My work sits at the intersection of performance and sustainability in computing. I'm drawn to questions about architectural tradeoffs — where to run computation, how to measure efficiency honestly, and what "sustainable" actually means at the systems level. I've been lucky to explore these questions across three very different research environments.

I work with Prof. Patrick Pannuto and Raymond Dueñas on CPU–GPU split inference for CNN models on NVIDIA Jetson edge devices. The core question: given a model too large to run entirely on a GPU, at what layer should you cut it — and does the answer change when you optimize for energy rather than throughput?

This project produced my first full research paper, presented at UCSD SRC 2025 and being integrated into a submission to an international conference (name redacted for double-blind review).
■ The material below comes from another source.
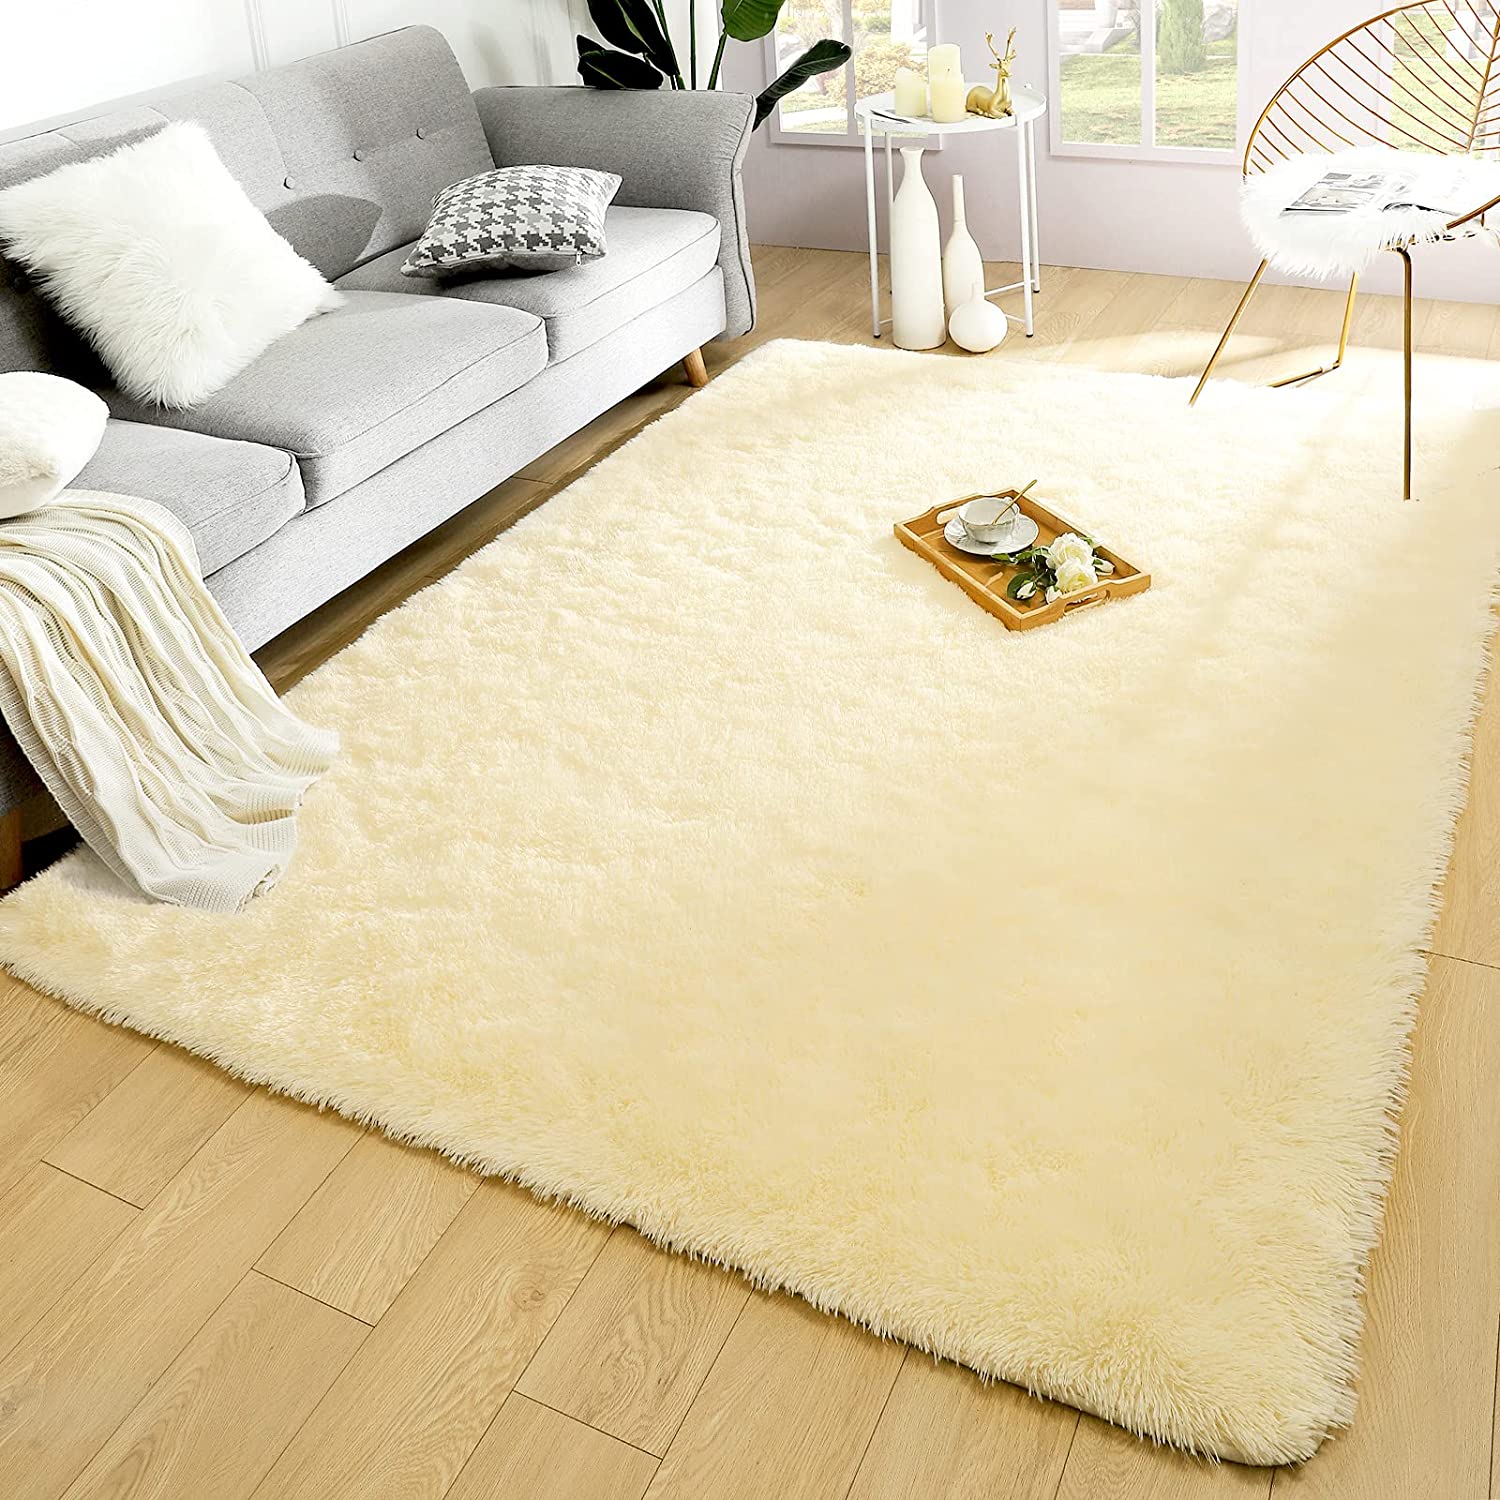 Merelax Soft Modern Indoor Shaggy Area Rug for Bedroom Livingroom

I'm grateful to Pat and Raymond for taking a chance on me and teaching me how research actually works.

I spent a summer at IITD SeNSE working with Prof. Ravibabu Mulaveesala on signal processing for nondestructive testing. The work involved adapting an open-source pipeline to reconstruct subsurface images using Fourier and correlation transforms, even under noisy measurement conditions.

This was my first mentored research experience — and where I learned what it actually means to do science: reading papers critically, communicating findings clearly, working through problems as a team. Tea time with Ravi sir and the PhD students was also excellent.

I worked on the sensors and circuitry team for a lunar rover prototype, improving Arduino-based control code to synchronize UV and Hall effect sensors. The team repurposed an RC car as a base — which meant adding custom suspension to keep the sensors stable enough to collect consistent data.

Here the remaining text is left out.